*** Opening of INPUT FOR THIS TASK ***
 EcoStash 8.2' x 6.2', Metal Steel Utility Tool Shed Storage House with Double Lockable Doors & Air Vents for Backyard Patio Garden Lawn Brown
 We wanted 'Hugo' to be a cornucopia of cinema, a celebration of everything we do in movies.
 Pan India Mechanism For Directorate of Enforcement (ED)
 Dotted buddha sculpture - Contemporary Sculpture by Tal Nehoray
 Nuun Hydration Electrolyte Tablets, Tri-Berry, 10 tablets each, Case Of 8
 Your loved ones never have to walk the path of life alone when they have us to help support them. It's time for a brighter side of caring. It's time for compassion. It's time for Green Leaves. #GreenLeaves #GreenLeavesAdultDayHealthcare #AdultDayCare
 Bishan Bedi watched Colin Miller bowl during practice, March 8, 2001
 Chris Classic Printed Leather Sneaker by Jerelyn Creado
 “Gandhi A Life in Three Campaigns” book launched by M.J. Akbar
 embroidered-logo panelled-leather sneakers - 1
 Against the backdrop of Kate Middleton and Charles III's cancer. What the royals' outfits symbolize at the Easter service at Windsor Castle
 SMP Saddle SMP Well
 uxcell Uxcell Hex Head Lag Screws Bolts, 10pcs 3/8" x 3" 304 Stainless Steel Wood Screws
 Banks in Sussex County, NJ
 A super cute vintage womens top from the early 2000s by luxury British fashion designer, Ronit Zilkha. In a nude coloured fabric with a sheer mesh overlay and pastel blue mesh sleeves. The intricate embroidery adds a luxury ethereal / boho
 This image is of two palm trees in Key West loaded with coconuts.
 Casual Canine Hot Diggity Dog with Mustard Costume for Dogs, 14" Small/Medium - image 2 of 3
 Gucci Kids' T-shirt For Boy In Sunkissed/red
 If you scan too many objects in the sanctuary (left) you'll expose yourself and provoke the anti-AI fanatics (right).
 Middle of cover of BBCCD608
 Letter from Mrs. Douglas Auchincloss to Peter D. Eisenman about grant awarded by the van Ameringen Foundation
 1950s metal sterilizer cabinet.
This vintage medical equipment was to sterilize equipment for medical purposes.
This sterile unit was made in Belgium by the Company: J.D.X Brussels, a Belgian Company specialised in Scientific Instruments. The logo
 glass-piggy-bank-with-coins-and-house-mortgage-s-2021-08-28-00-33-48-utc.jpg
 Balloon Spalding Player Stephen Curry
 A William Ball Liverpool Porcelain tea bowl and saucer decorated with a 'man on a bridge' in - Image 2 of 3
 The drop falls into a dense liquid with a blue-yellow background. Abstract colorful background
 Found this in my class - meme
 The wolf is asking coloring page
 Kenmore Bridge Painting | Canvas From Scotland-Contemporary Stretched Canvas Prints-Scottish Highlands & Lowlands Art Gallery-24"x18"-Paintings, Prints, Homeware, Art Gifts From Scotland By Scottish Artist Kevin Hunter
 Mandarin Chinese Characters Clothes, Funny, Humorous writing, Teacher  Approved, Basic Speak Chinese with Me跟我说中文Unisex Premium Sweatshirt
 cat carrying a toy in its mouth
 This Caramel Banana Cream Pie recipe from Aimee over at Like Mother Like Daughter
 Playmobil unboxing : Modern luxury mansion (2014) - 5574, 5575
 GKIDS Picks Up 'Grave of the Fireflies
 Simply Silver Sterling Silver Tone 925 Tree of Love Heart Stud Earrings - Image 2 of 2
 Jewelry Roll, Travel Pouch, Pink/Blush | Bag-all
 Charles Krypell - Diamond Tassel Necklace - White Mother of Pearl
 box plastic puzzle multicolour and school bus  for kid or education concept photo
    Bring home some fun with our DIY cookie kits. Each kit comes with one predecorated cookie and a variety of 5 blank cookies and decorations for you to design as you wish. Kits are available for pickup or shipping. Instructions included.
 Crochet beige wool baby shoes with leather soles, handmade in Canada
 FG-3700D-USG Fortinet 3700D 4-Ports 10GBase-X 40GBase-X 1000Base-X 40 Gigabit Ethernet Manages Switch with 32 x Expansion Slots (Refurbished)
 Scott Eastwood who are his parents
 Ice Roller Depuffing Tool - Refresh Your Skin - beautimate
*** Close of INPUT FOR THIS TASK ***
TASK TO CARRY OUT:
From the entries above, give again exactly the lines running from the line with "Chris Classic Printed" to the line with "Middle of cover of BBCCD608"; include both of those lines.

SOLUTION:
 Chris Classic Printed Leather Sneaker by Jerelyn Creado
 “Gandhi A Life in Three Campaigns” book launched by M.J. Akbar
 embroidered-logo panelled-leather sneakers - 1
 Against the backdrop of Kate Middleton and Charles III's cancer. What the royals' outfits symbolize at the Easter service at Windsor Castle
 SMP Saddle SMP Well
 uxcell Uxcell Hex Head Lag Screws Bolts, 10pcs 3/8" x 3" 304 Stainless Steel Wood Screws
 Banks in Sussex County, NJ
 A super cute vintage womens top from the early 2000s by luxury British fashion designer, Ronit Zilkha. In a nude coloured fabric with a sheer mesh overlay and pastel blue mesh sleeves. The intricate embroidery adds a luxury ethereal / boho
 This image is of two palm trees in Key West loaded with coconuts.
 Casual Canine Hot Diggity Dog with Mustard Costume for Dogs, 14" Small/Medium - image 2 of 3
 Gucci Kids' T-shirt For Boy In Sunkissed/red
 If you scan too many objects in the sanctuary (left) you'll expose yourself and provoke the anti-AI fanatics (right).
 Middle of cover of BBCCD608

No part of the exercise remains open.